Re: OT Palm readers Re: [dvd-discuss] CTEA ProtectsWhatCopyrights?





"Arnold G. Reinhold" wrote:
> I'd argue for a simple subset of HTML. That would give you the best
> of both worlds. The source would still be in plain ASCII.  Some
> simple "pretty printing" (lines wrapped to a standard length,
> paragraph tags on separate lines, headers on their own line, etc.)
> can make the HTML source <I>reasonably</I> readable as is. And, of
> course, it would be understood by existing Web browsers.

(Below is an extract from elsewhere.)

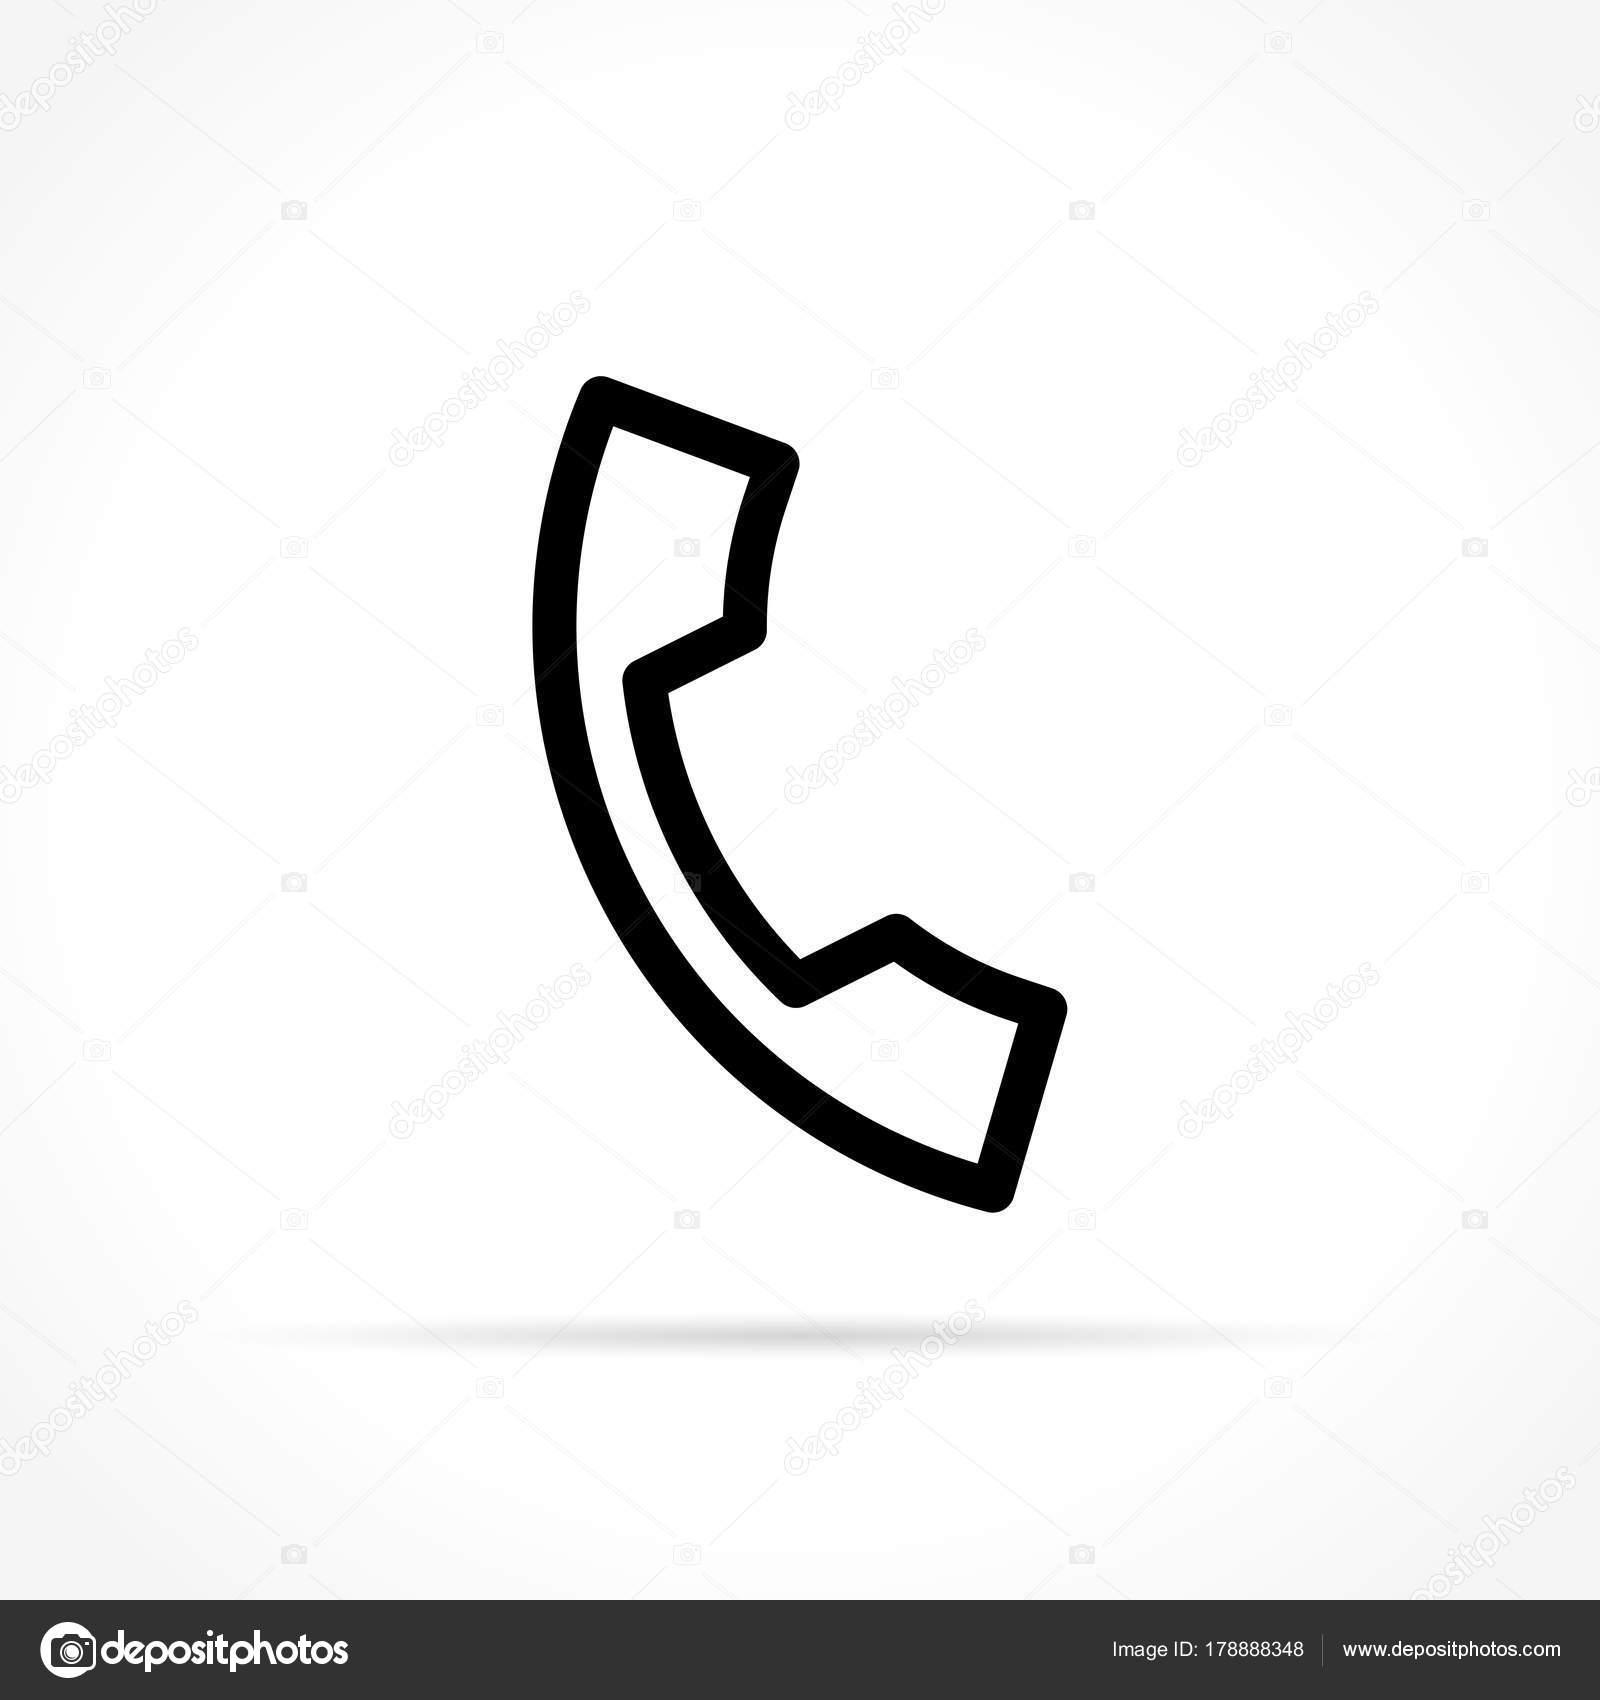 Icona Telefono Su Sfondo Bianco Vettoriali Stock Nickylarson

Twiki/email-isms could do the simple <I>, <em>, and <b> stuff.  All I
really need though is two rules.

(1) What regexp constitutes a heading for the TOC (e.g. Chapter)
(2) What regexp constitutes a <p>

and define these in a "META" information section in the PG "the small
print".  

META HEADING1="^\s+Chapter\s+\d+"
META PARAGRAPH="^$"

Actually, one could implement other Twiki/email-ism transformations as
s/pat/repl/.  Here is the regexp

s/\b\*(\S+)\*\b/<I>$1</I>/

that would map *italic* to <I>italic</I>  (if I haven't fumble fingered
it).  This
uses a regexp subset to allow flexible plain text encoding of simple
tagging without imposing coding standard on the PG volunteers -- and
without embedded tags in the content.  A standard encoding set COULD be
defined and used and declared

META TAG_ENCODING= "PG_meta_v1.0"

or

META TAG_ENCODING = "Twiki_v2.1"

allowing for any number of implementations for conversion tools to
non-plain text ebook, HTML, RTF, whatever, without encumbering the
"small print" section with inscrutable (and fragile) regexp lists.

Finally, one could do a CDDB-like metatag database for PG files instead
of embedded the encoding information (depending on PG's willingness to
support such a thing).

.002